Читаем Зеркало для слепого полностью

— Сегодня не стоит. Кстати, пока мы трезвые, давайте исполним формальности, — расстегивая сумку и вынимая пачки денег, предложил Родик. — Извините, купюры не самые крупные. Считать будете?

Вся сумма еле уместилась на столе. Виктор Григорьевич обвел их взглядом и опять заорал:

— Прапорщик! Сволочь! Ко мне!

Дверь мгновенно отворилась, и появился Сергей. У Родика создалось впечатление, что он подслушивал.

— Невыполнение приказа — трибунал. Где авоська?

Прапорщик протянул руку, и Родик увидел обычную хозяйственную сетку, с которой ходят за картошкой.
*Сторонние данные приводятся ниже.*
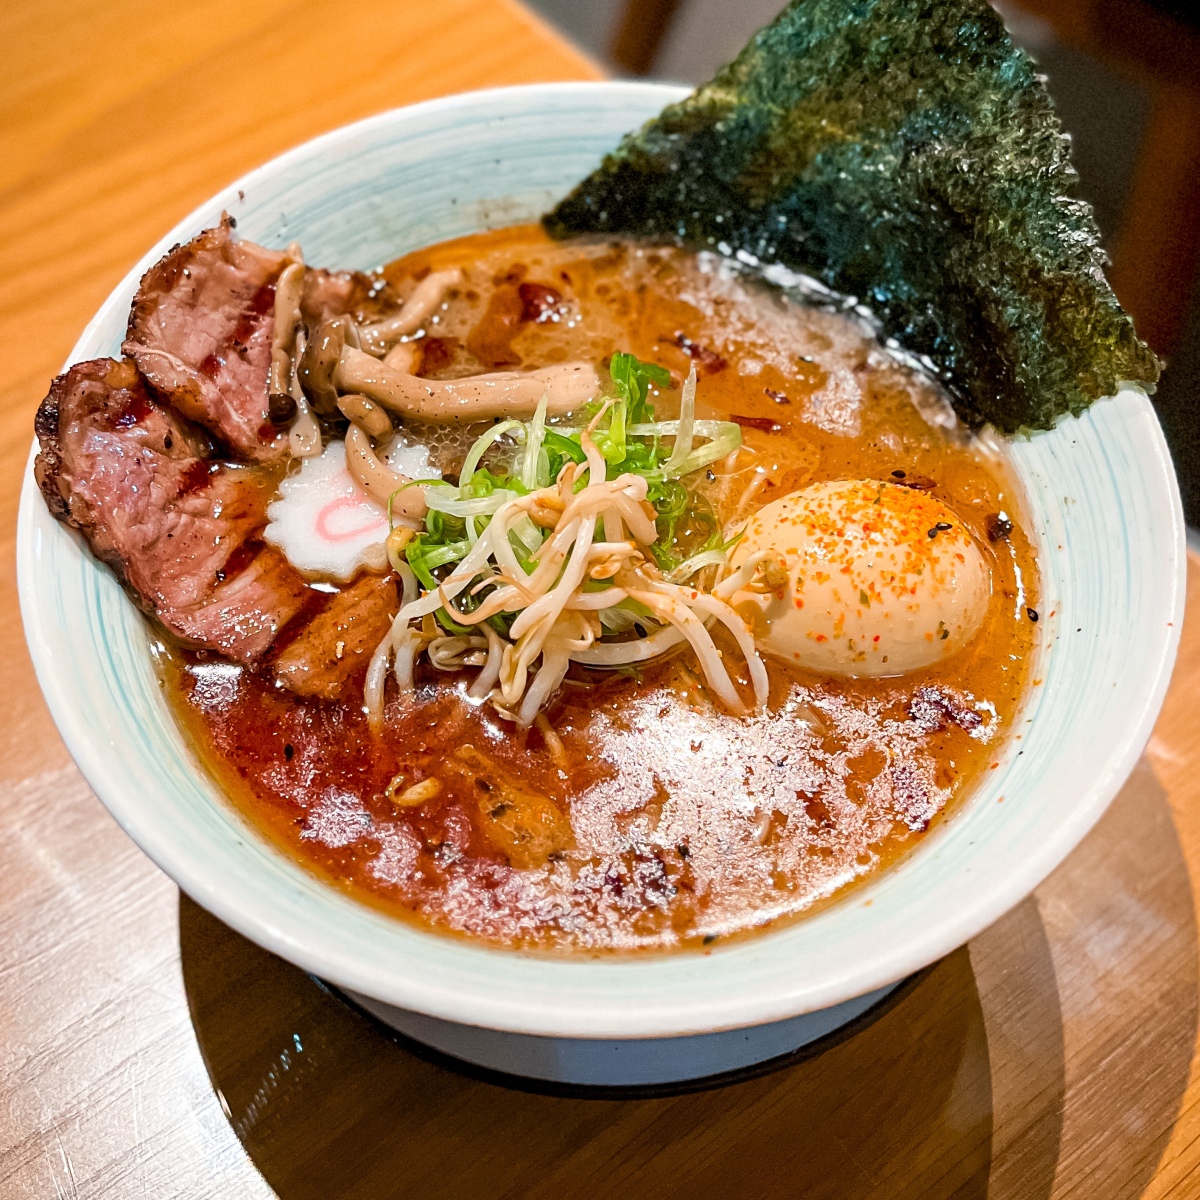 The 2nd Visit to try ‘Yasumi Ramen’s’ Latest Additions – Dhahran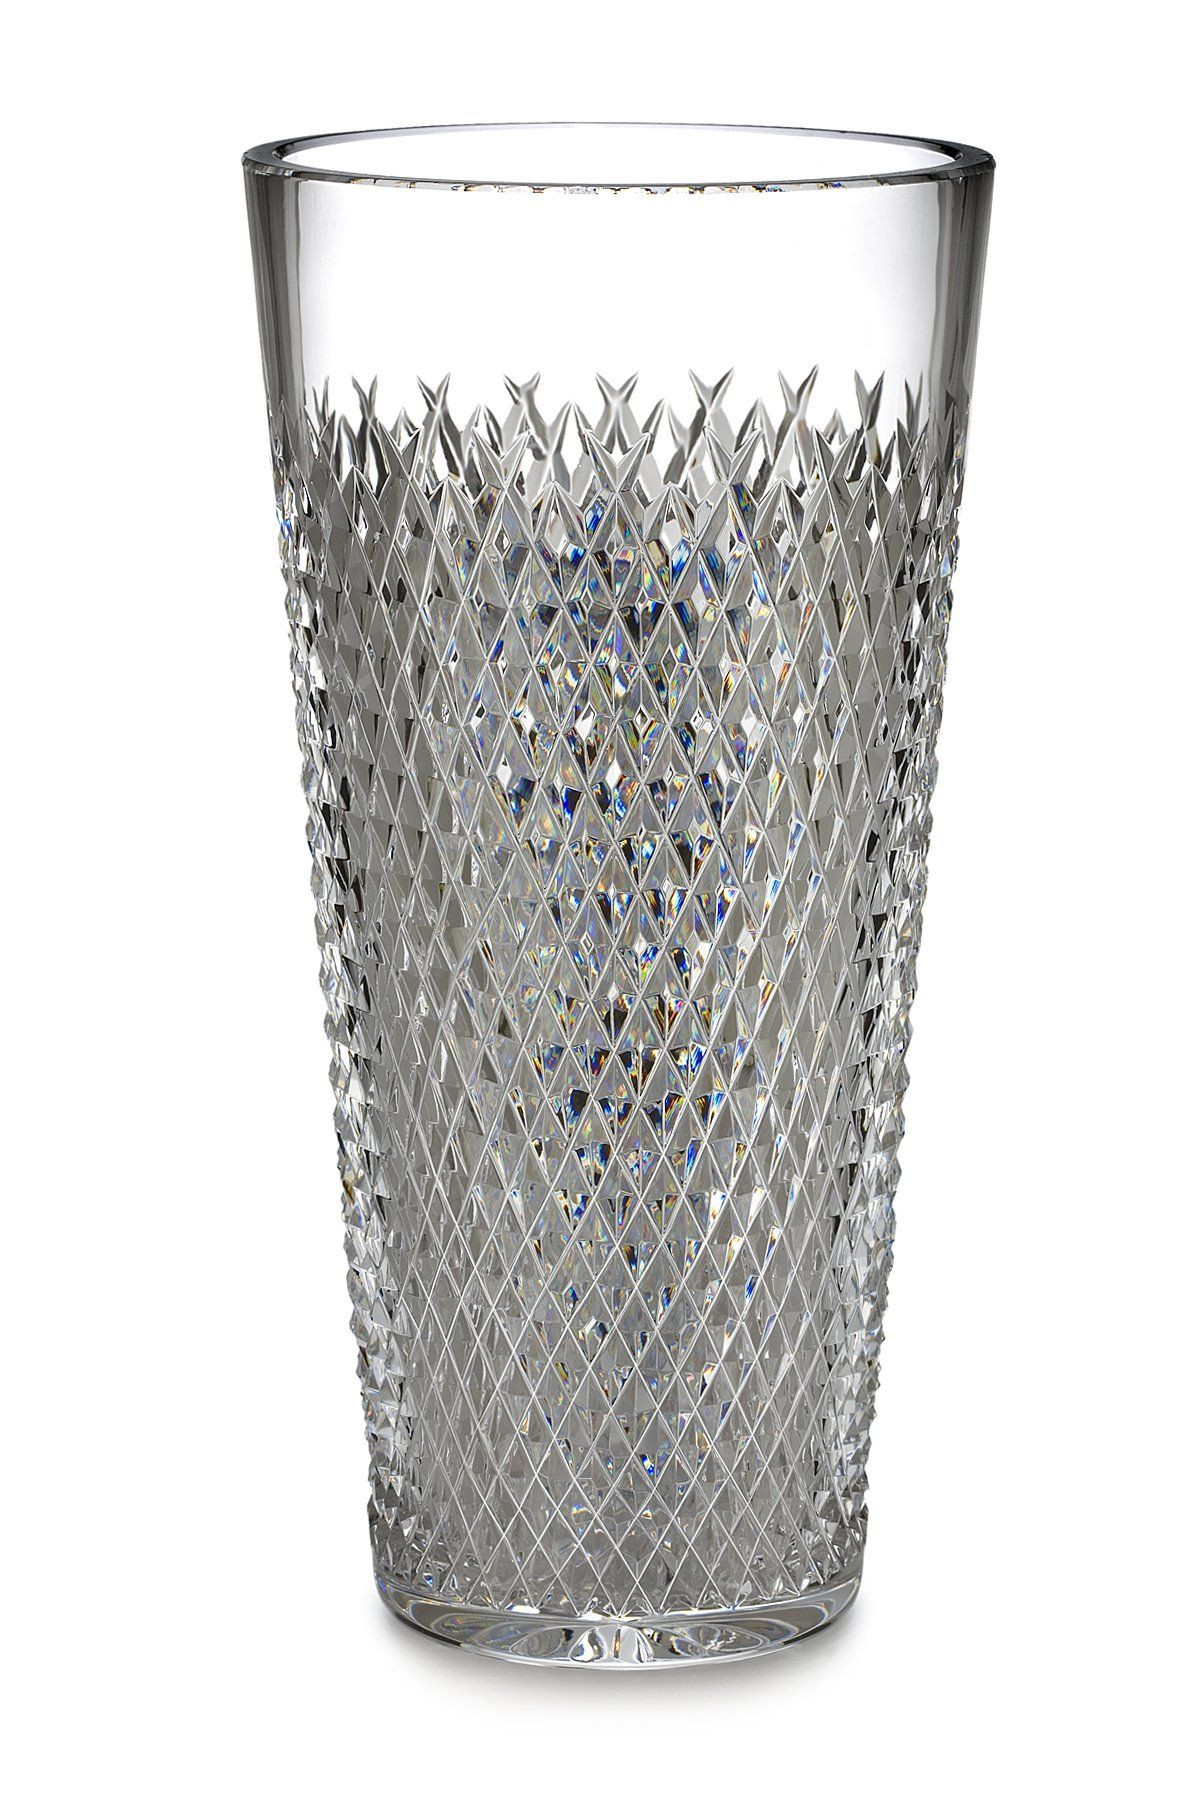 27 Lovable Marquis 11 Crystal Vase 2024 free download marquis 11 crystal vase of waterford alana 12 inch vase 12 inch vase crystal alana vases for waterford alana 12 inch vase 12 inch vase crystal alana

Виктор Григорьевич вырвал сетку у него из рук и, не пересчитывая, начал складывать в нее пачки купюр.

— Взвесить, — кратко приказал он.

— Зачем? — спросил Родик, пораженный такими действиями.

— Я деньги по весу принимаю.

— И не ошибаетесь?

— Никогда. Деньги счет любят. Мне на довольствие недавно в банке вообще десятками выдали. Взвесили. Все до копейки сошлось. Взвешивать мы умеем. У меня же огромная столовая. Там все взвешиваем. Всегда все сходится. Даже если офицерам почти все отдали. Ха-ха-ха.

В это время появился прапорщик и застыл в проеме двери.

— Вольно. Взвесил?

— Так точно…

— Сколько?

Прапорщик протянул бумажку. Виктор Григорьевич посмотрел на нее, скомкал и бросил в угол.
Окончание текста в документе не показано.